Lagrangian techniques in Metric

[Henrique Mello]

I'm reading a paper and the author uses some "Lagrangian techniques" to go from

ds^2 = -(1-\frac{2M}{r})dt^2 + (1-\frac{2M}{r})^{-1} dr^2 + r^2(d\theta^2 + sin^2\theta d\phi^2)

to

2L = -(1-\frac{2M}{r})\dot{t^2} + (1-\frac{2M}{r})^{-1} \dot{r^2} + r^2(\dot{\theta^2} + sin^2\theta \dot{\phi^2}), where L is the Lagrangian.

 

Can someone explain what the step between these two equations?

 

PS: I don't know how to make the latex code work here.

[ydoaPs]

I'm reading a paper and the author uses some "Lagrangian techniques" to go from

ds^2 = -(1-\frac{2M}{r})dt^2 + (1-\frac{2M}{r})^{-1} dr^2 + r^2(d\theta^2 + sin^2\theta d\phi^2)

to

2L = -(1-\frac{2M}{r})\dot{t^2} + (1-\frac{2M}{r})^{-1} \dot{r^2} + r^2(\dot{\theta^2} + sin^2\theta \dot{\phi^2}), where L is the Lagrangian.

 

Can someone explain what the step between these two equations?

 

PS: I don't know how to make the latex code work here.

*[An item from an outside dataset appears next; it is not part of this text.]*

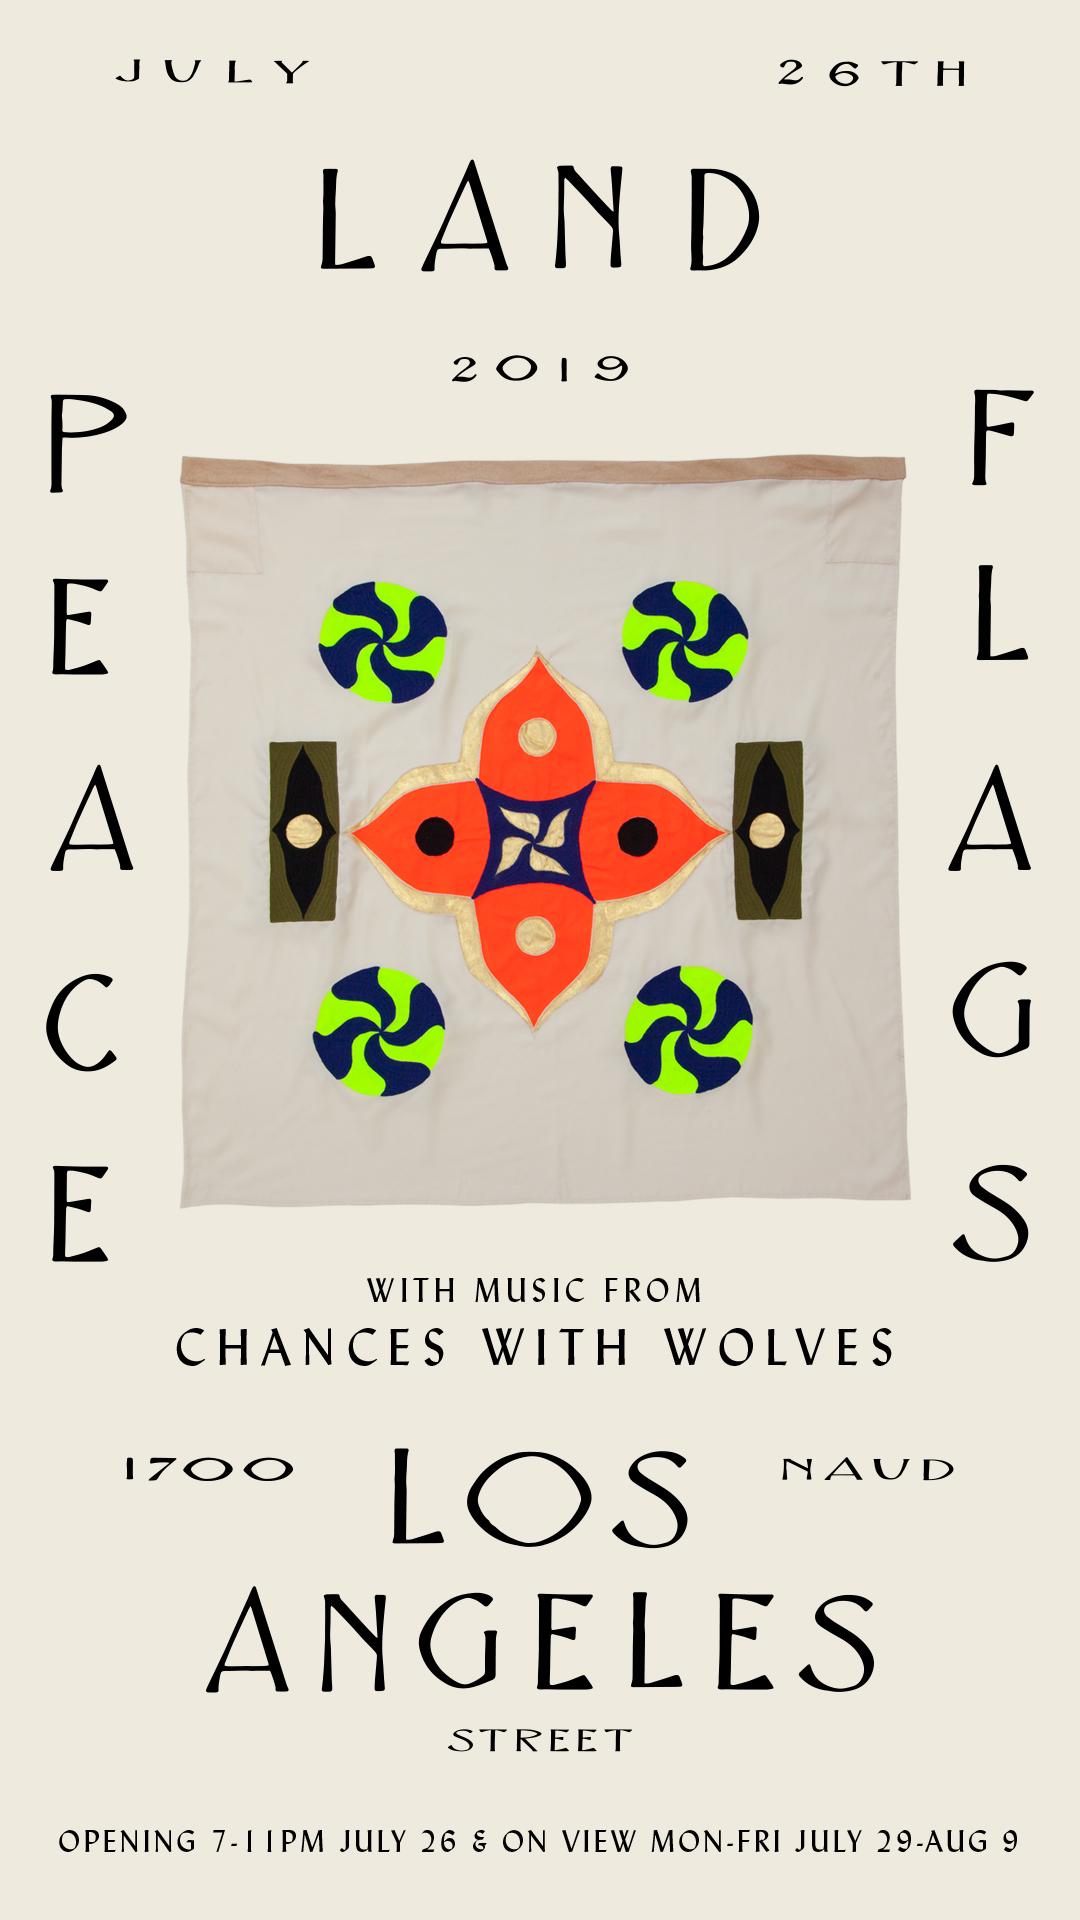 LAND_PEACE_FLAGS_2019.jpg
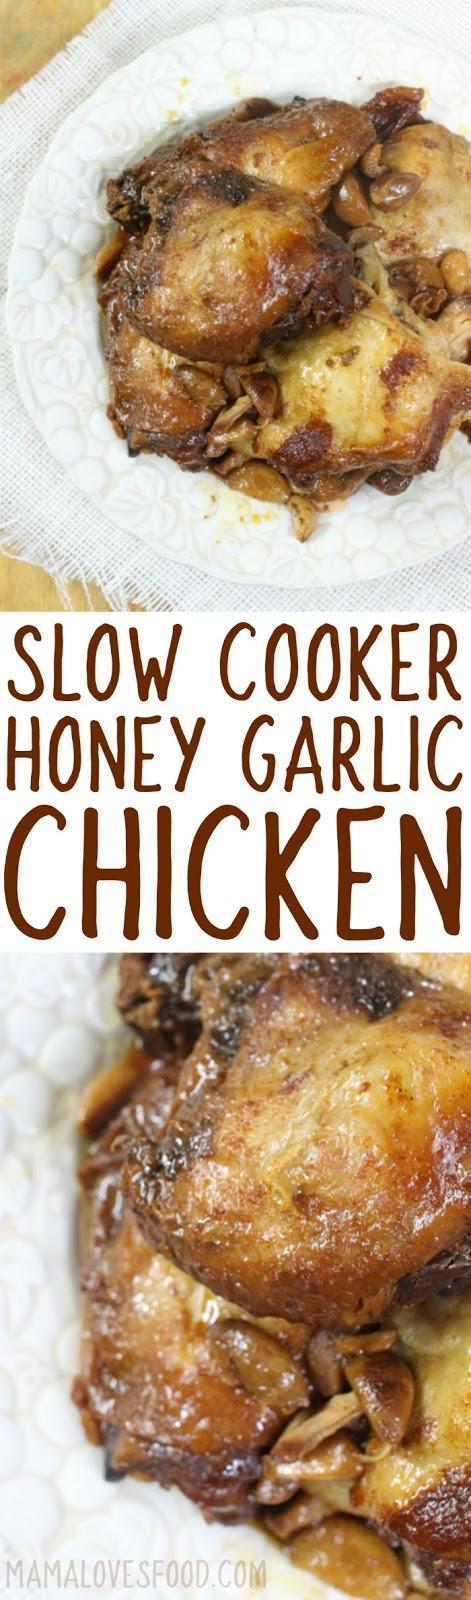 honey garlic crockpot chicken

We have three ways. You can use the [ math ] tags or the [ latex ] tags. You can also input LaTeX code into a feature in the text editor.

 

[math]ds^2 = -(1-\frac{2M}{r})dt^2 + (1-\frac{2M}{r})^{-1} dr^2 + r^2(d\theta^2 + sin^2\theta d\phi^2)[/math]

 

[math]2L = -(1-\frac{2M}{r})\dot{t^2} + (1-\frac{2M}{r})^{-1} \dot{r^2} + r^2(\dot{\theta^2} + sin^2\theta \dot{\phi^2})[/math]

[elfmotat]

Since we know that the equation of motion for a test particle is the geodesic equation, the action should yield the geodesic equation. We also know geodesics correspond to paths of shortest length, as can easily be demonstrated by measuring distances on, for example, the surface of a sphere. The path along a great-circle of the sphere is the shortest path connecting two points. Therefore when you minimize the action, it should correspond to the path of shortest length. This implies that the action should be:

 

[math]S=\int ds=\int \sqrt{g_{\mu \nu} \frac{dx^\mu}{d\lambda} \frac{dx^\nu}{d\lambda}} d\lambda[/math]

 

So the Lagrangian is just: [math]L=\sqrt{g_{\mu \nu} \frac{dx^\mu}{d\lambda} \frac{dx^\nu}{d\lambda}}[/math].

 

Similarly, you can also show that the Lagrangian [math]L=g_{\mu \nu} \frac{dx^\mu}{d\lambda} \frac{dx^\nu}{d\lambda}[/math] also yields the geodesic equation when plugged into the Euler-Lagrange equations. This is the Lagrangian that your author used.